〜一人で生きていけるだけのお金があれば、あんな男と一緒に居なくて
済むのに…
村の奥様方の、そんな会話を小耳に挟んだデイビーは、
素朴な疑問に行き当たります。
アンとギルバートは結婚する、あの二人は間違いない、
リンド夫人からそう聞かされていたデイビーは、アンに尋ねました。
「一人で生きていけるだけのお金があったら、アンはギルバートと
結婚しないの?」
アンはミス・バリーから、1000ドルの遺産を贈られていたのです。〜
21歳、タダ働きにも精を出す。
こどもは大人が思うよりずっと物事がよく分かっていて、こどもなりに
気を遣っているのだ、と私は思う。
少なくとも "私のお客のこども達" は、"空気を読む子が多かったように思う。
三人兄弟が父親と暮らす家は、閑静な住宅地にある。
「女房が家を出て行っちまって…。 末っ子を幼稚園に迎えに行って、
あとは上の二人が小学校から帰って来るまで、見てて欲しいんですよ。
夜は "ばあさん" に頼んであるから大丈夫なんで。
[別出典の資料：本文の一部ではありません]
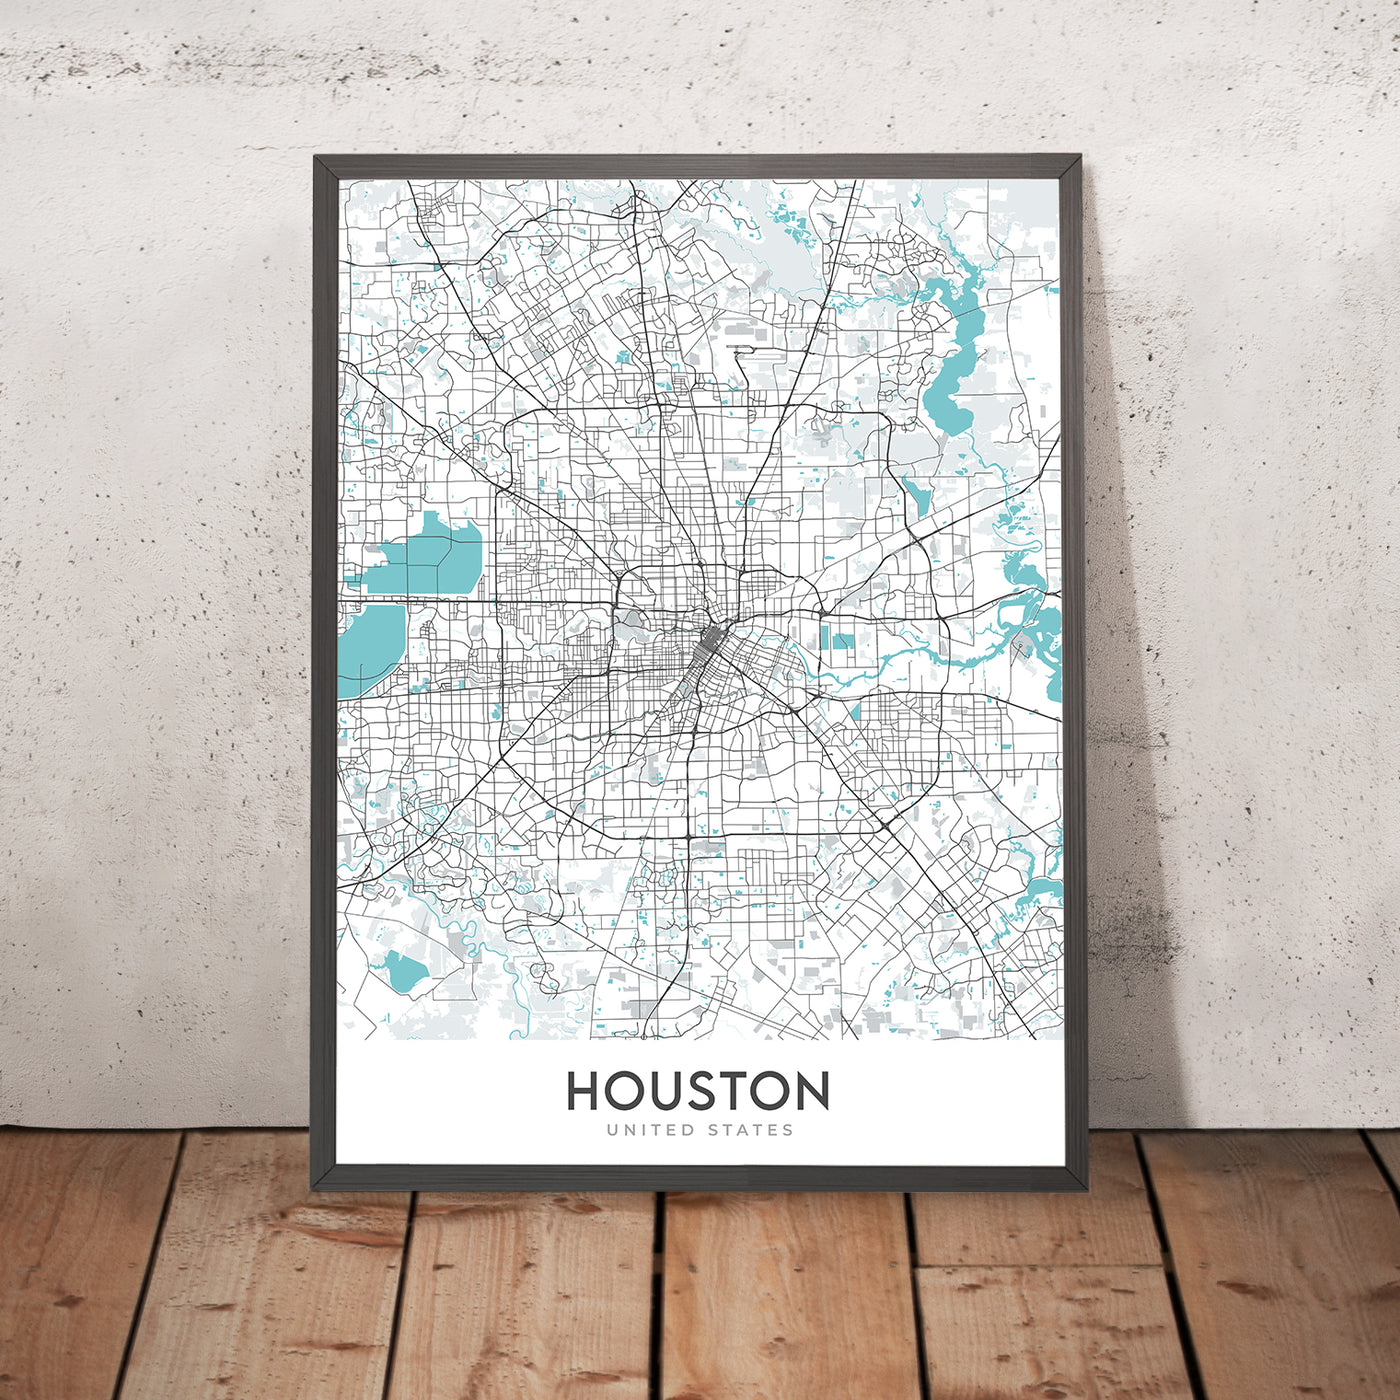 Moderner Stadtplan von Houston, TX: Innenstadt, Minute Maid Park, The Galleria, I-10, I-45

」
父親は旅行代理店を経営している。
融通の利く立場なので、末っ子のお迎えを何とかこなしていたのだが…
「あの "お迎え" ってのがどうも苦手で… ついこの間まで、女房が
行ってたでしょうが。 僕が行くと "お母様方" の好奇の視線が… どうもね…
そういうのは、まっぴらだからねぇ」
え〜え〜 分かりますとも。
"ひろ" のおにいちゃんも通っている、名門幼稚園。
"お母様方" は筋金入りの暇なセレブ。 既に充分、 "噂" になっているはずだ。
我が社でも売れっ子のシッターが担当に決まり、私は彼女の都合がつかない時の
"補欠" になった。
「ただいま〜」
私も "お母様方" 同様、男所帯の家の切り盛りがどの程度なのか、好奇心はある。
しかし、意外にも家の中はよく片付いていた。
末っ子は真っ先に台所に直行した。
テーブルには、三人分のおやつがちゃんと用意されている。
汚れた茶碗が流しに放置されてるのでは? ない… 全部洗ってあった…。
冷蔵庫には、 「弁当のおかずを買うこと」 なんてメモまで貼ってあって…
へぇ〜 ヤルなぁ…!
私は指示されたことを思い出して、大急ぎで父親に "ファックス" を送った。
13:40 帰宅
園の先生からの言付けはありません。
シッター報告書とは別に、帰宅したことをファックスで知らせるように
言われていたのだ。
こんな指示は今まで一度も経験したことがなかった。
母親は子供が園から帰ってきたかどうか、気にならないのだろうか…
ふと思ってしまった。
先にお姉ちゃんが帰って来た。
「へぇ〜 いつもの先生じゃないんだぁ」
と言う顔をしながらも、冷蔵庫からジュースを出して私に勧めてくれる。
どんなゲームが好きだとか、こんな事できる?とか、 "お近付き" になって
いる間に、長男が帰宅。
ここで、二人の帰宅をファックスで報告して、 私の仕事は 「終わり」 である。
その前に、 お兄ちゃんに言い聞かせておかなければ。
一人で自転車で遊びに行っては駄目だって。 パパの言いつけだからね。
長男とお姉ちゃんが宿題に取り掛かるのを見届けて、私が帰ろうとした時、
長男が言った。
「4時まで僕らが帰ってこなかったことにして、もうちょっと居てくれない?
だって、こどもが三人になったらお金が倍かかるんでしょ。 パパが言ってたよ。
僕たち宿題するから、 先生に見ててもらわなくてもいいからさ」
あ〜もう、 泣かせるなぁ…
でも、3時20分に帰宅したってファックスしちゃったから、 内緒でサービスは
できないよ。
ベビーシッターってのは、時間で買われた身の上なのだ。
三人の視線が一斉に、私に注がれた。
これで 「おしごとだから」 などと割り切って帰るほど、私はベテランじゃない。
そんなこと、できません。
「バスの時間まで30分あるから、ここで本でも読んで待ってていいかなぁ?」
私は宿題を見てあげたり、本を読んであげたりして時を過ごした。
そして、 シッター報告書には 「終了時間 15:30」 と記入した。
「これからいっつも30分、タダ働きすることになるわよ!」
社長には叱られたけど、 私はあの三人兄弟が好きになってしまったのだから
仕方がない。
母親が居ないからかわいそうだ、 そんなありきたりな気持ちで
タダ働きなんかしない。
一所懸命なお父さんの、 ごくありふれた、フツウの可愛い、三人兄弟。
私はただ、 そんなこども達が好きになってしまっただけなのよ。